Goods that are manufactured have their prices based upon the value of the original raw material plus labour. It is less important how much of a particular product exists (chasing the supply and demand model) that it is to ascertain how much more valuable the product is to the worker after labour has been added.

The synthesis of labour and raw material cost is achieved through a formula - which we will, as with undeveloped goods, use excel to calculate. There are two processes in which this formula applies, which I shall call one-for-one and extraction. In all cases, I will continue to use Marzabol numbers, though of course the same process applies for whatever market we're calculating for.


One-for-One Process

This describes a situation where end result from processing equals the amount of goods produced. For example, it may be remembered from describing the quantity of goods that I wrote that the weight of 'ore' described the metal content only - waste rock is not counted (there are ways of calculating how much of this there would be, for mining purposes, but that is not important to our purposes right now; I will address this later).

This means that we can say, approximately, that one pound of unprocessed ore will, once labour is added, produce one pound of processed ore. Similarly, since the amount of clay that is made into pottery isn't lost in the process, we can say one pound of pottery equals one pound of clay plus labour. This isn't strictly true, of course - there is always waste. It isn't worth our accounting for it, however, so we can discount the waste as not being counted either before or after processing.


Extraction Process

This describes a situation where the amount of material manufactured differs from the original source. There is a great variance to how this can manifest. For example, how many sheep does it take to produce a ton of wool? How much meat exists in a cow or a sheep? How much grain does it take to produce a gallon of beer? How many grapes does it take to make a bottle of wine?

In each case, we need to determine the total cost of all unprocessed material necessary before we can determine its final price.

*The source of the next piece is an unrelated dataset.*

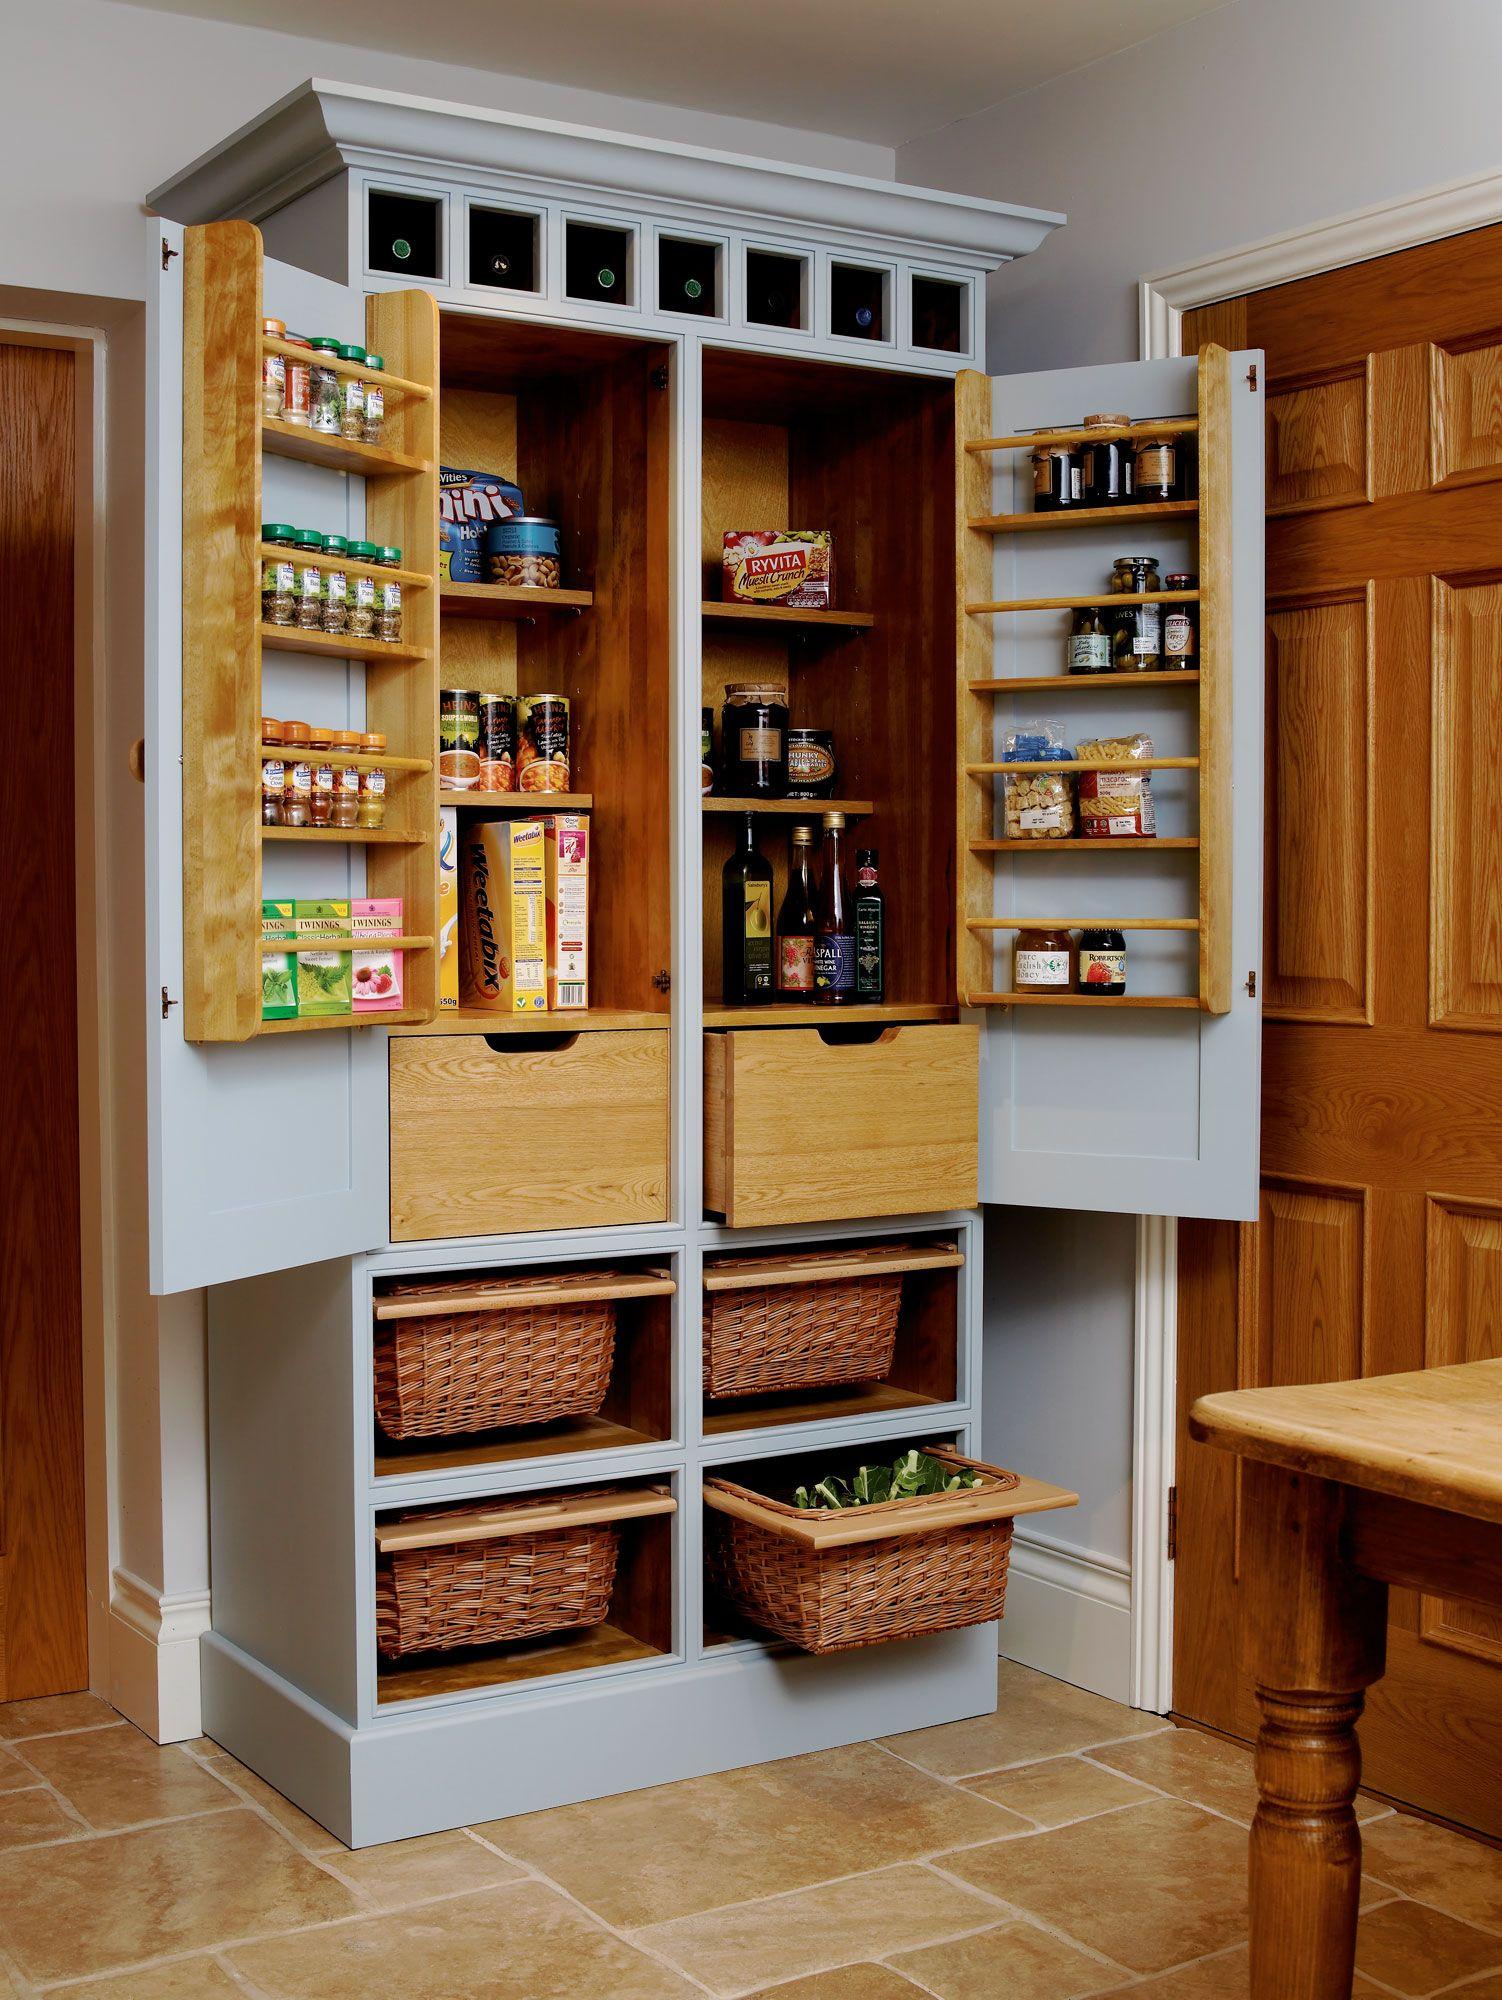 Pin By Yvonne Haworth On Kitchen Storage Pinterest Road Gear 1 Amplifier Head Cabinet Hitam Larder Cupboard With Wooden Insides

For example, it takes 2.6 oz. of grapes (+.47 oz. of sugar) to make 1 fluid ounce of wine (the internet can provide all sorts of detail on this, with varying amounts for different wines). We don't have sugar in our system, so we're not going to overlook it for now, but if we did add sugar we would want to account for all materials.

For Marzarbol, we determined that grapes were 42.16 c.p. per lb, or 2.635 c.p. per ounce. This means to make a fluid ounce of wine our starting raw materials will cost 6.943 c.p.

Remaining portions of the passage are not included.